== EXERCISE GOAL ==
Find the line containing "pink floyd atom", then print it and each line after it through the end of the listing exactly, with no pictures.

== SUPPLIED MATERIAL ==
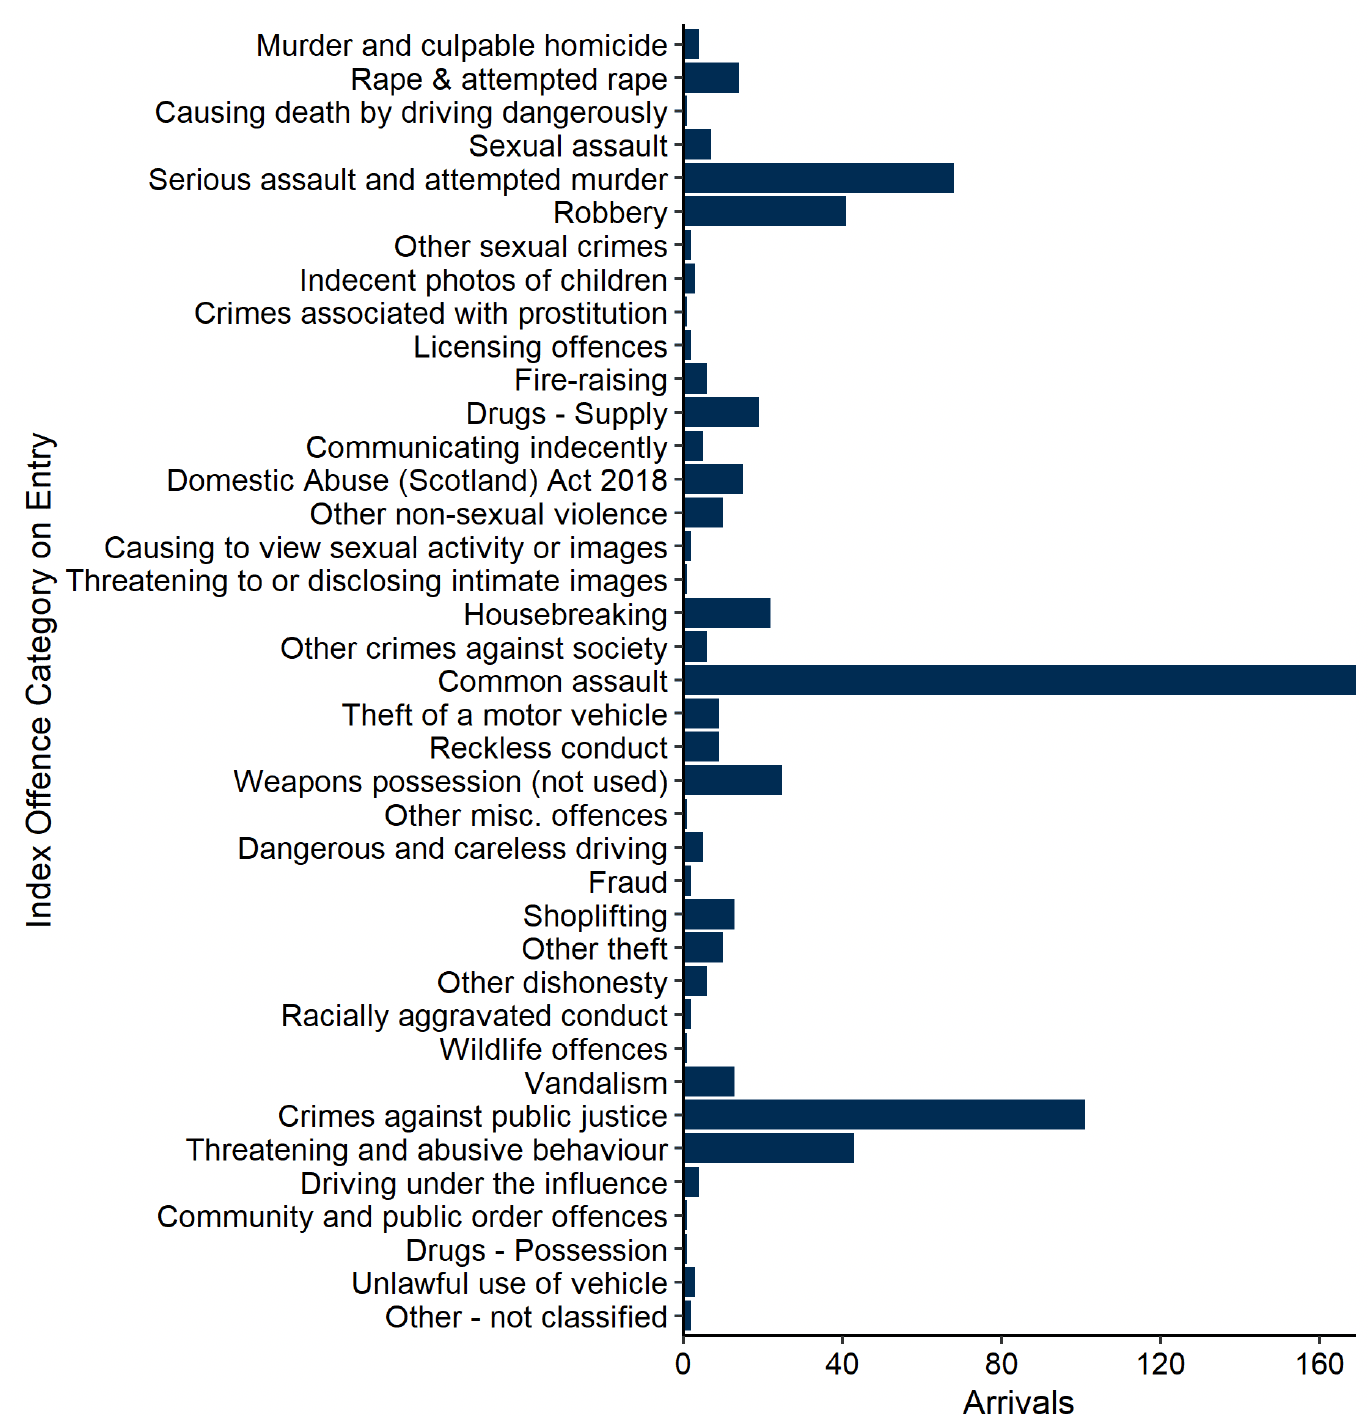 The index offences of the 649 arriving to untried and convicted awaiting sentence legal statuses in December. Most common was common assault (169 in total), followed by crimes against public justice (101), serious assault and attempted murder (68), threatening and abusive behaviour (43) then robbery (41). Last updated January 2023. Next update due February 2023.
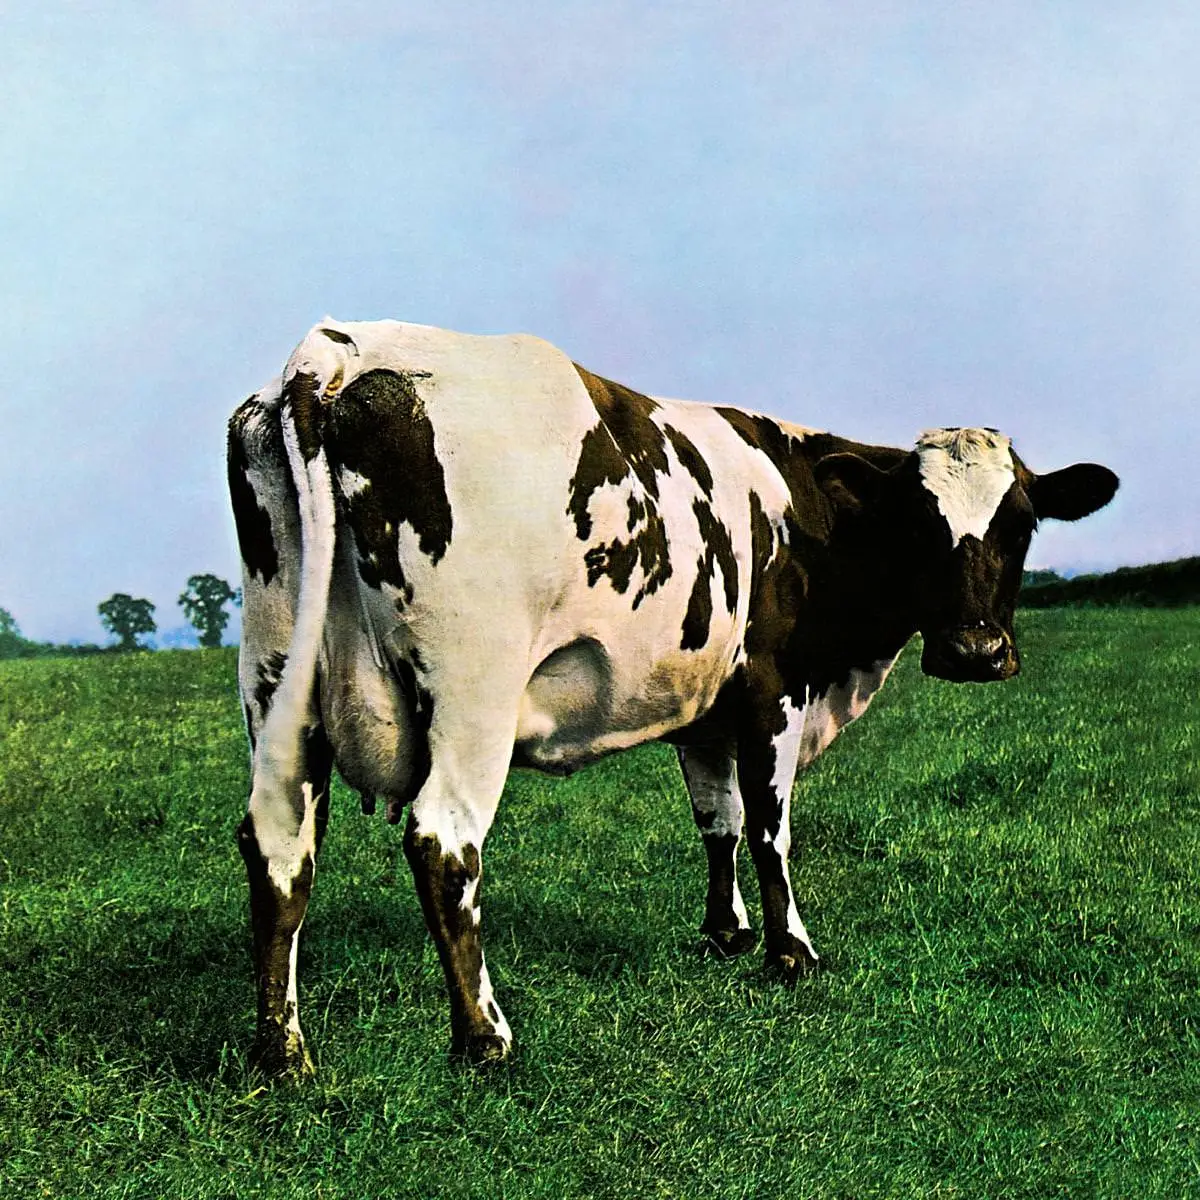 pink floyd atom heart mother goes on the road
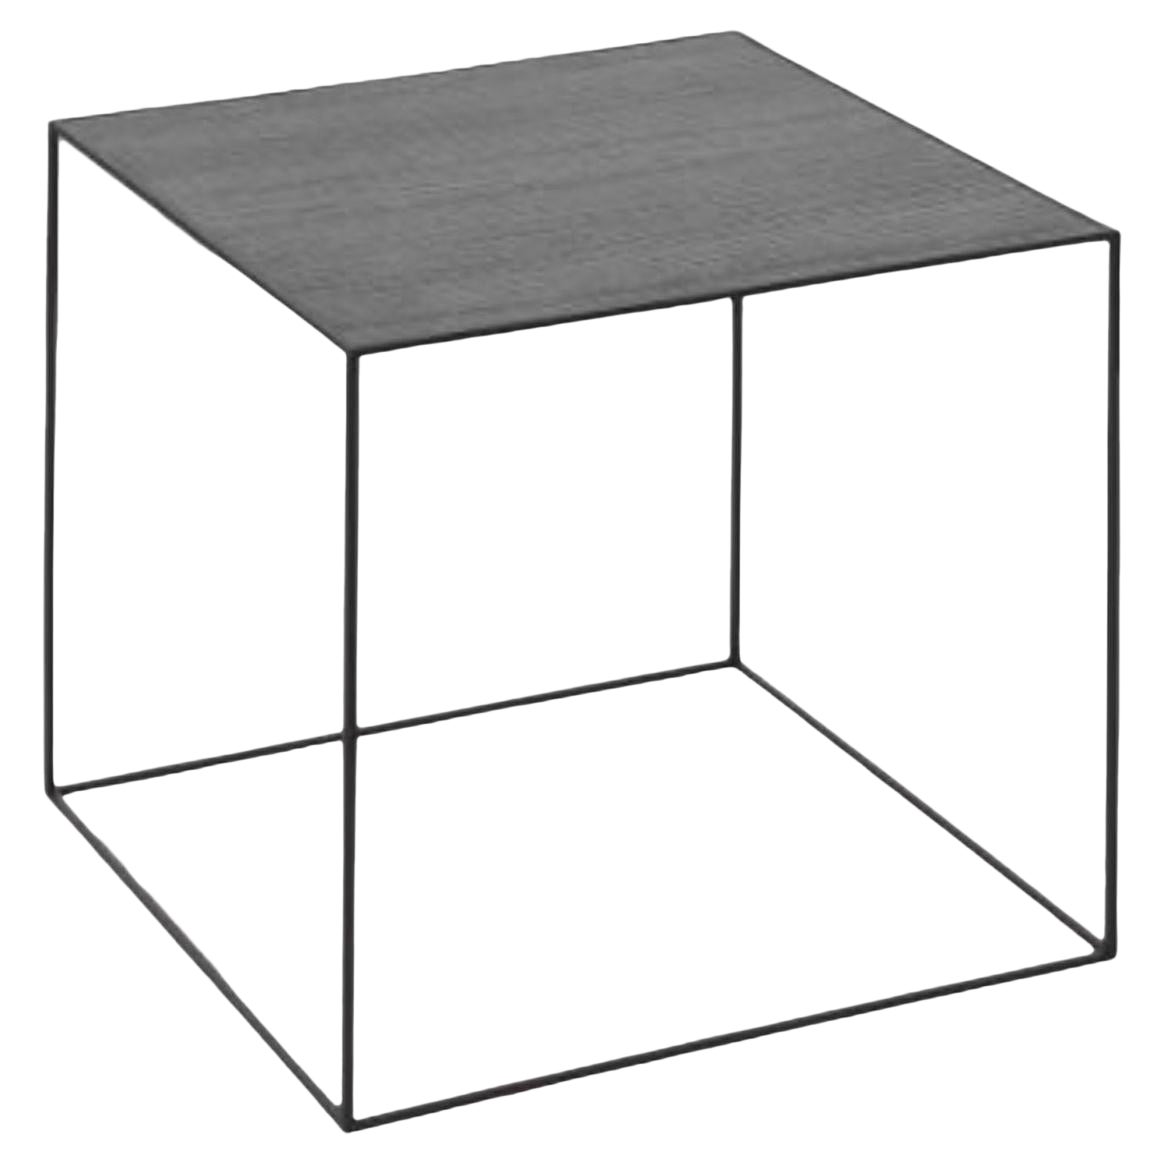 35 Black Ash Twin Table Top by Lassen For Sale

== EXERCISE RESULT ==
 pink floyd atom heart mother goes on the road
 35 Black Ash Twin Table Top by Lassen For Sale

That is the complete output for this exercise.